Segment Start: INFORMATION SUPPLIED

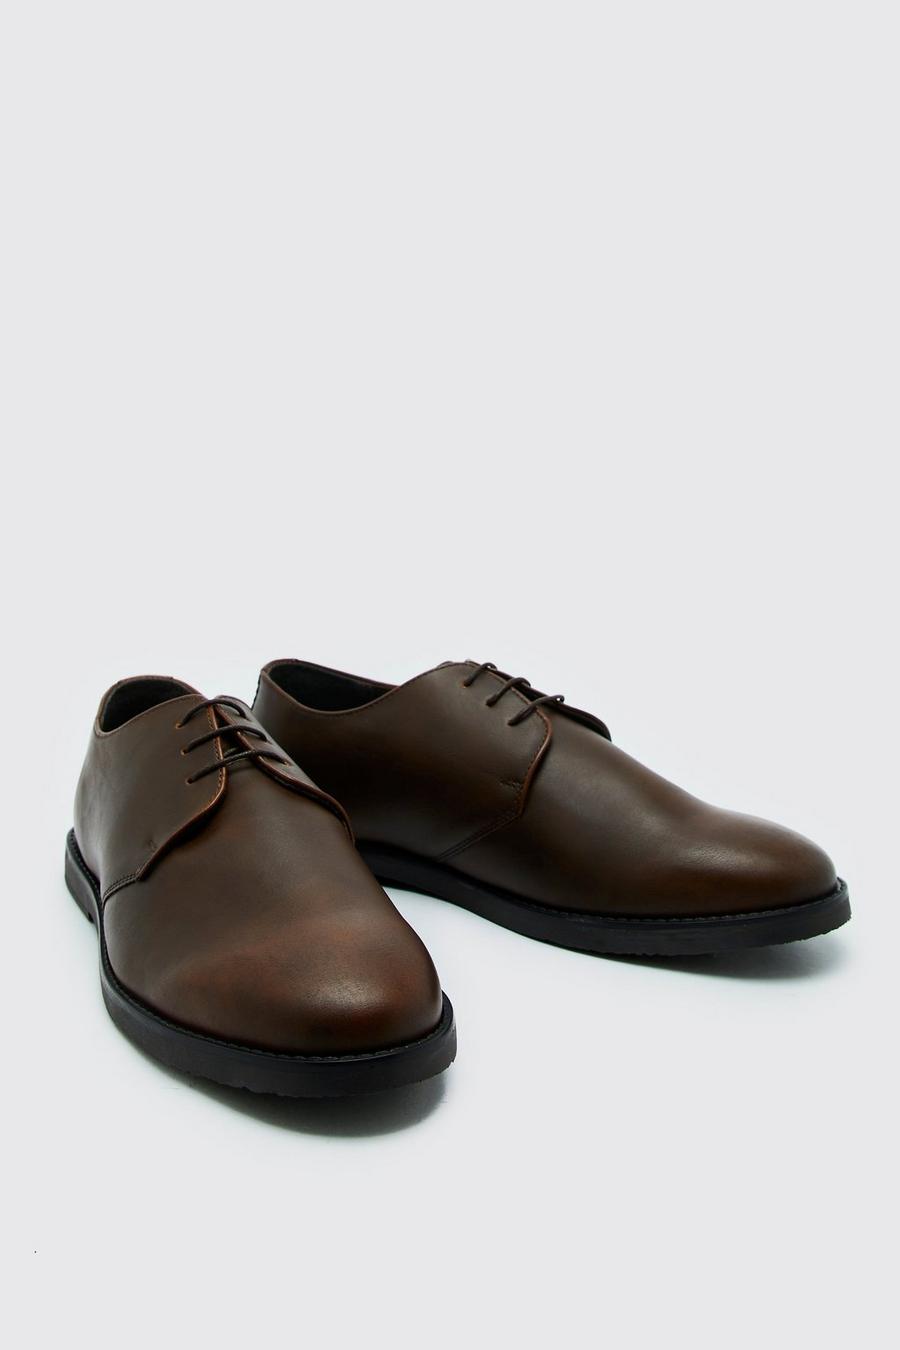 Chaussures style Derby en similicuir, Chocolate marron
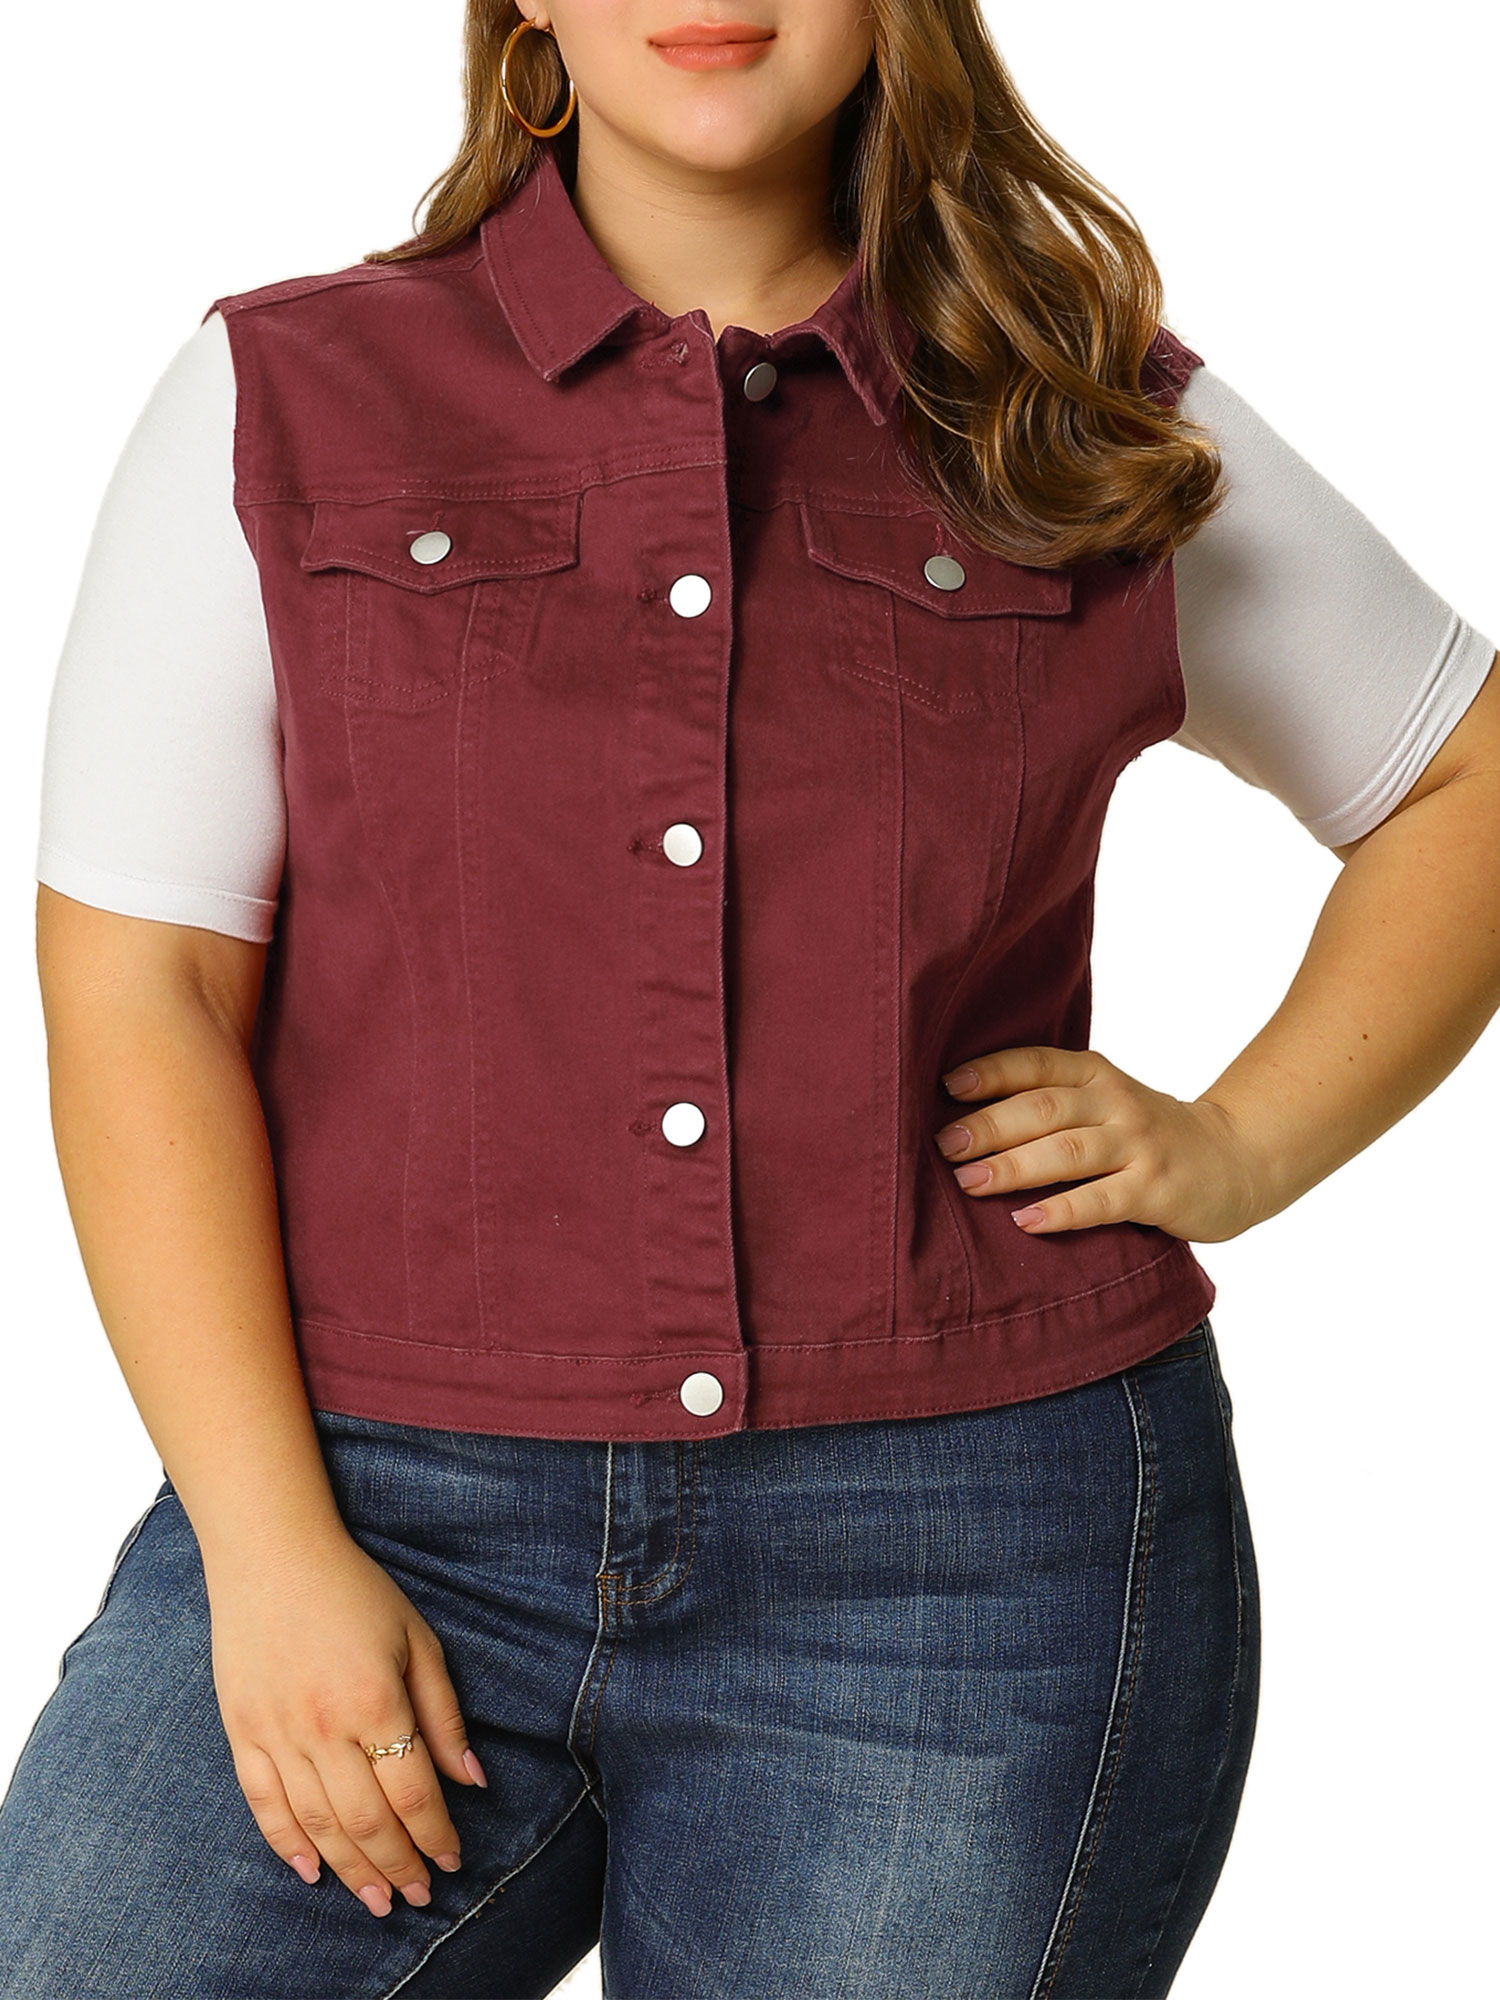 Agnes Orinda Women's Plus Size Casual Button Sleeveless Denim Vest Jacket - image 3 of 7
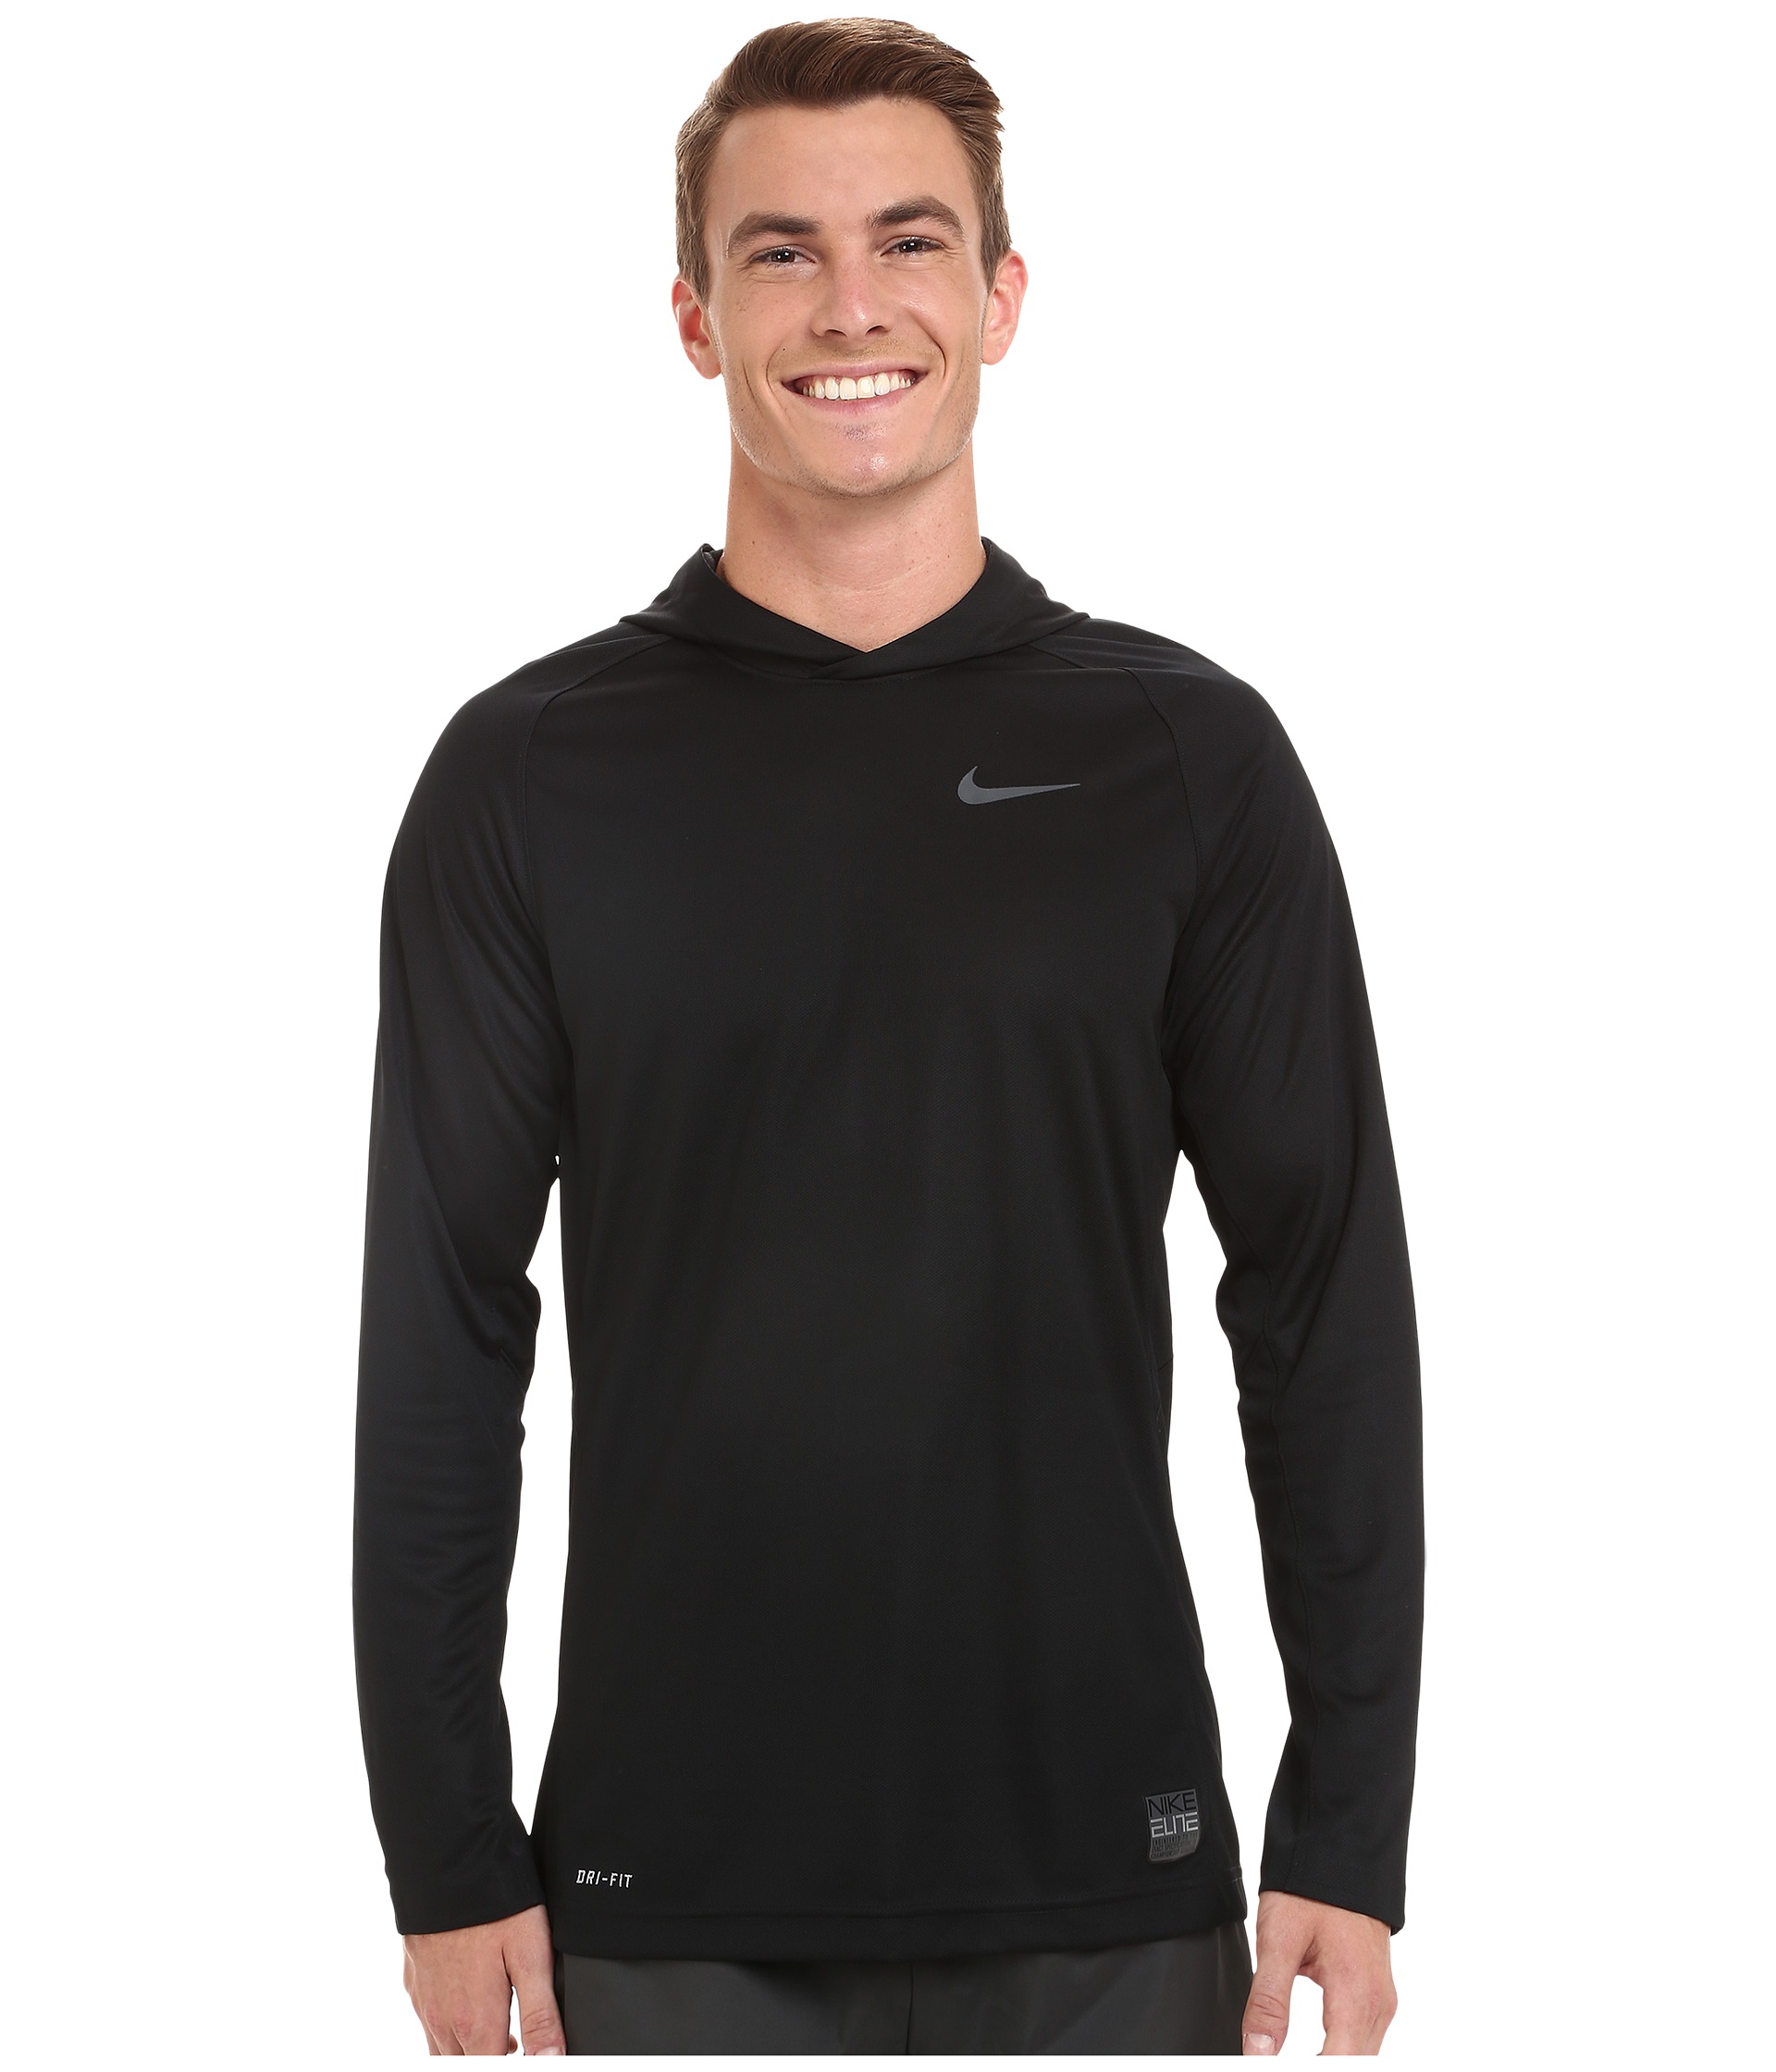 Nike Elite Hooded Shooter Shirt - Zappos.com Free Shipping BOTH Ways

Segment End: INFORMATION SUPPLIED

**ACTION ITEM:** No pictures should appear in the copy. Reproduce exactly the lines from the line containing "Agnes Orinda Women's" through the last line of the data, inclusive.

**WRITTEN ANSWER:**
 Agnes Orinda Women's Plus Size Casual Button Sleeveless Denim Vest Jacket - image 3 of 7
 Nike Elite Hooded Shooter Shirt - Zappos.com Free Shipping BOTH Ways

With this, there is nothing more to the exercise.